#### What to do:
Across the records below, how many lines include the string "Original"? State the number and nothing more.

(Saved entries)
>>>

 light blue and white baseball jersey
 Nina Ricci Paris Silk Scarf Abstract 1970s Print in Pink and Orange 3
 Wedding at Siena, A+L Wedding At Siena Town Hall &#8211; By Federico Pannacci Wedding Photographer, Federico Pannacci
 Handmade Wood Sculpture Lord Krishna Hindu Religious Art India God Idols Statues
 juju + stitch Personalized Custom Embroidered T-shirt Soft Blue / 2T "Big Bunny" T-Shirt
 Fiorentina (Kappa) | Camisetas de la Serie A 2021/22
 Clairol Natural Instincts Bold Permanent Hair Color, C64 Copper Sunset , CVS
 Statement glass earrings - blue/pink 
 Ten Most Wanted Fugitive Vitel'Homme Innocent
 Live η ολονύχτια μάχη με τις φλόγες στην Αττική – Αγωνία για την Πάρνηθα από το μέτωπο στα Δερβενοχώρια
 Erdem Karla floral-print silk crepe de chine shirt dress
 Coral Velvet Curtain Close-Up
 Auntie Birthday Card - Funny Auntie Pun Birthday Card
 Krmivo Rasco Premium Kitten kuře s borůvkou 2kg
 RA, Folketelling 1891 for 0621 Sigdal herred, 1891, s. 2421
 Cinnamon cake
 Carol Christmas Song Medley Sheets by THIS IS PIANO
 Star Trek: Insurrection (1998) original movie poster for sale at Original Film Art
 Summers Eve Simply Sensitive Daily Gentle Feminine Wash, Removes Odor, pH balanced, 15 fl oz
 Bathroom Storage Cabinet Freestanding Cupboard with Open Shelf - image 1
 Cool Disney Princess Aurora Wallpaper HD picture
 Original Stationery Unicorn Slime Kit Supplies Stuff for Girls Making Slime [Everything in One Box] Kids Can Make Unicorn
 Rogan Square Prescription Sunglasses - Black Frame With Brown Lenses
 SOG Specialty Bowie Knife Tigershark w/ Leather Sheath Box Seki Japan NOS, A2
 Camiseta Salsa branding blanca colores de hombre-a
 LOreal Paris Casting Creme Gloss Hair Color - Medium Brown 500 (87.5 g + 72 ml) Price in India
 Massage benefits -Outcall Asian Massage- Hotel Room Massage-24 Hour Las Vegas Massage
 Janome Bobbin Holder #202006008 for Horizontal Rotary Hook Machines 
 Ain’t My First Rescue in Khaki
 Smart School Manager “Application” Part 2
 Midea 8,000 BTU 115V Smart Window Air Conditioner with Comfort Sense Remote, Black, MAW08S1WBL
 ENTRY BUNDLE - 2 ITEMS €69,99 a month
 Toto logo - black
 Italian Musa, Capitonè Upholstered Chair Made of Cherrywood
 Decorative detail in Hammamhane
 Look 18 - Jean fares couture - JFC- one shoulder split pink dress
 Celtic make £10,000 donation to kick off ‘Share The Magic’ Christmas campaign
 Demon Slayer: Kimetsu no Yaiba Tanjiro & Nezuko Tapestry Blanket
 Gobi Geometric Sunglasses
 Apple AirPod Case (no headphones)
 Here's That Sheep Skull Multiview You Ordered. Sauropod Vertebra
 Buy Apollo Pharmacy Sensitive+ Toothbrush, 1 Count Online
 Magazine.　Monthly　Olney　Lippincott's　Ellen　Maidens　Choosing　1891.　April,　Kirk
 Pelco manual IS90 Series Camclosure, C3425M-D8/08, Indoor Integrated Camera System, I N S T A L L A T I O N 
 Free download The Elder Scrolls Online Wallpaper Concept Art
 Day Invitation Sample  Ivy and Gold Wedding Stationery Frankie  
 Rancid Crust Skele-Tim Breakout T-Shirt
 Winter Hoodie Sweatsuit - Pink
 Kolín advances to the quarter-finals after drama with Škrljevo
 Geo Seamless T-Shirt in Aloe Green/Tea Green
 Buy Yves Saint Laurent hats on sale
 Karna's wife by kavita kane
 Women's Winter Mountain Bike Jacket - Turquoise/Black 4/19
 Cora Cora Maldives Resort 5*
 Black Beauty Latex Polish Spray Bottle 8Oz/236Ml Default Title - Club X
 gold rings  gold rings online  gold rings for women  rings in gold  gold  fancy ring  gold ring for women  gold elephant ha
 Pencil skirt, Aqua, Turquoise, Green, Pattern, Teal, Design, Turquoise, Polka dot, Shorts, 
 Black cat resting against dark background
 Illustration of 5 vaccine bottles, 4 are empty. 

<<<

#### Answer to this problem:
2